‘Healthy’ seniors

Apropos the Editorial ‘Securing Seniors’ (April 24), it is heartening to note that at last the IRDAI in its major reforms removed the upper age limit of 65 years for buying health insurance. IRDA’s move will help many senior citizens to access quality healthcare.

The other reform in reducing the waiting period for the claims to be covered for pre-existing diseases from 48 to 36 months is also welcome. IRDA must also put a cap on the time taken in settling the claims where all details are fetched from hospitals.

It is now the time for the General Insurance companies in devising new health insurance policy schemes focusing on the senior citizens. IRDA must have a close watch on the new schemes that the insurance companies would float are affordable by the senior citizens.

RV Baskaran


Liquidity oscillations

This refers to ‘Banks should be ready for higher for longer rates’ (April 24).

Short-term oscillations in liquidity of banking system, ‘frictional liquidity’, can well be managed by Reserve Bank of India using Marginal Standing Facility (MSF) or variable repo rates (VRR) or variable reserve repo rates (VRRR). As banks have Contingency Funding Plan as a fallback mechanism is case of temporary tightening of liquidity, the banking system must have alternative options to RBI interventions.

Maintaining a Liquidity Coverage Ratio at such high levels may not do good in the long run .

Forcing higher liquidity holdings at banks with liquidity suppliers that have the ability to overcome frictions in times of crisis may impact the financial system’s ability to deal with liquidity problems.

PD Sankaranarayanan

Kumaramputhur (Kerala)

Cheap money spawned a fiscal madness and cavalier lending, which then led to the NPA crisis. PSBs cumulatively wrote off ₹11 trillion from 2015 to 2023.

The lessons of cyclical depression in world economies are too evident — cheap money, excess credit, excess debt and huge deficits. Universally and across cycles, fiscal discipline has become mandatory and monetary policy would restrain financial markets from irrational exuberance. Every nation and its central bank is now compelled to revive its traditional tight money policy.
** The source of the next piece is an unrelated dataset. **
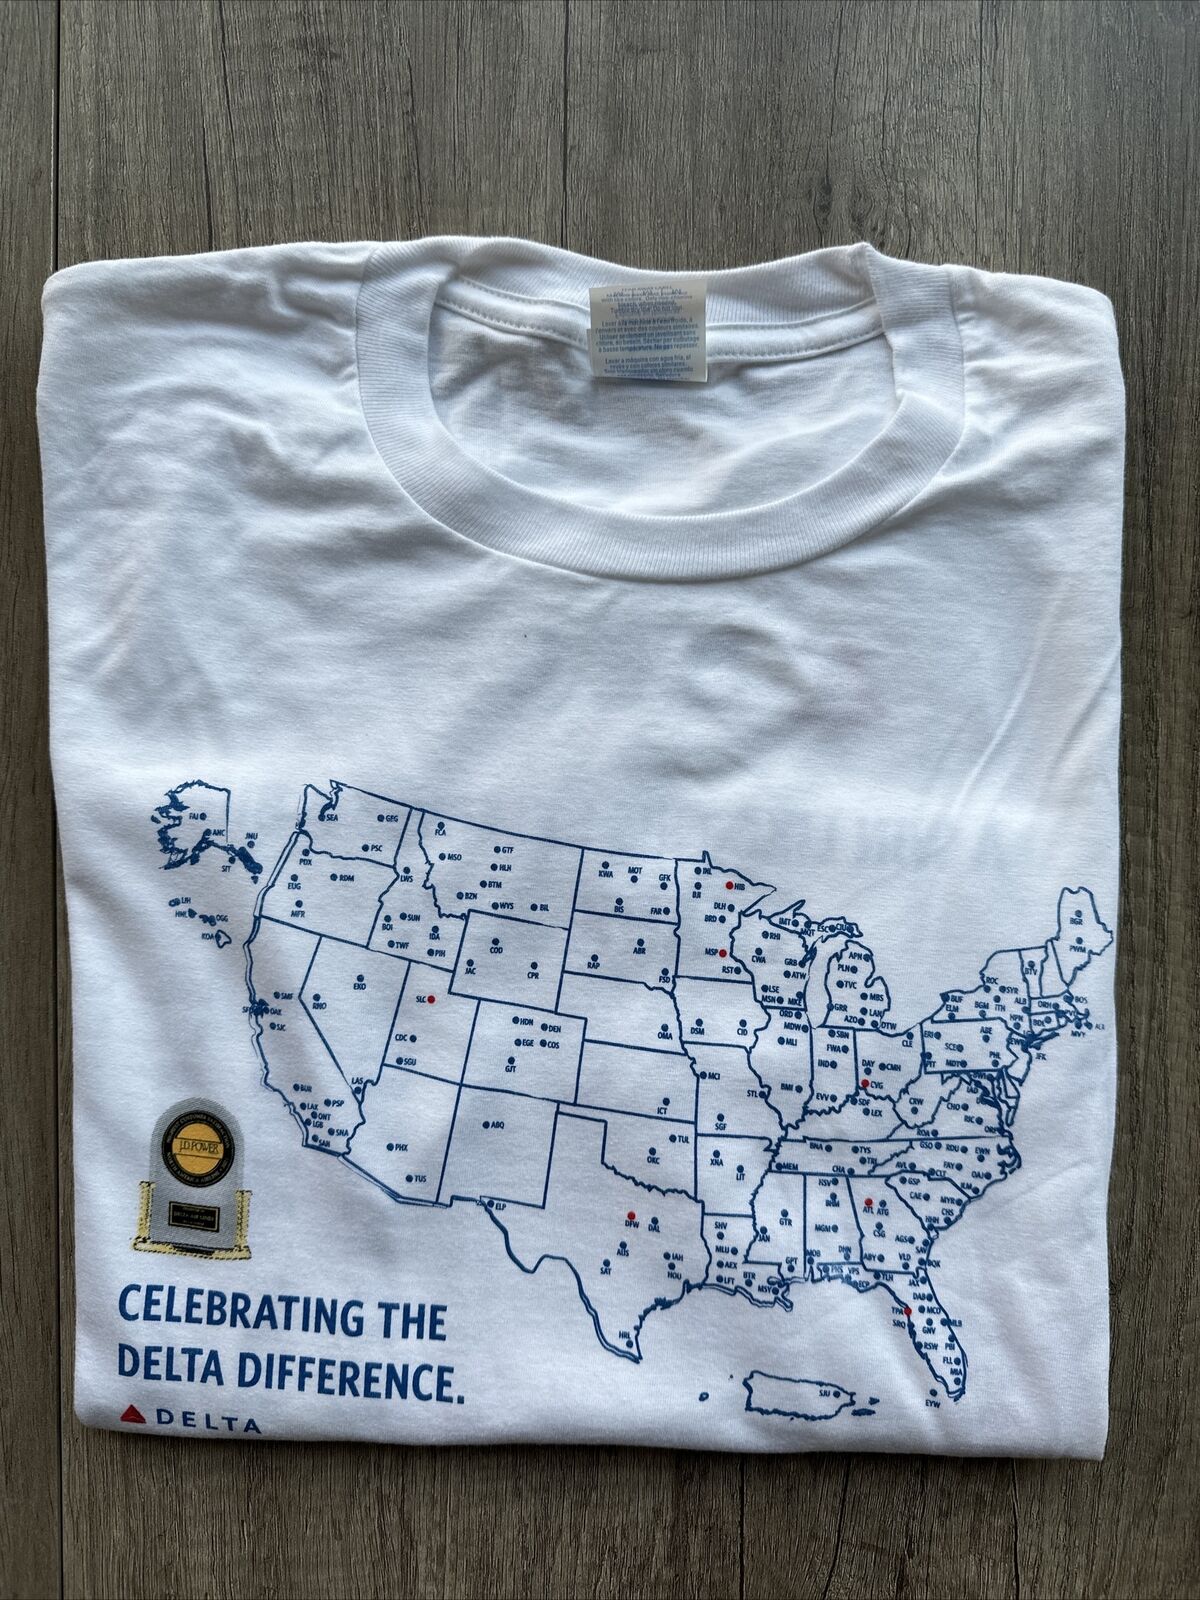 Delta Air Lines - JD Power Award / US Network Map T-Shirt (Adult Medium)

The lack of it led to huge debt pile ups, currency devaluation and recession. But then we revert to our merry ways, the moment inflation tends to turn a wee bit benign, which will depend on the duration of ongoing geopolitical predicament.

R Narayanan

Navi Mumbai

Strong fundamentals

That net Foreign Portfolio Investment (FPI) in India’s equity and debt markets stands at $41.6 billion (cumulative) in 2023-24 and it is the highest since 2015-16, according to RBI suggests that the Indian economy is on the right track and its macroeconomic fundamentals are really strong.

What is more surprising is that the foreign investors are impervious to elections and political scenario in India.

Probably, they feel India is in a better situation politically too. Investment, after all, is an act of faith.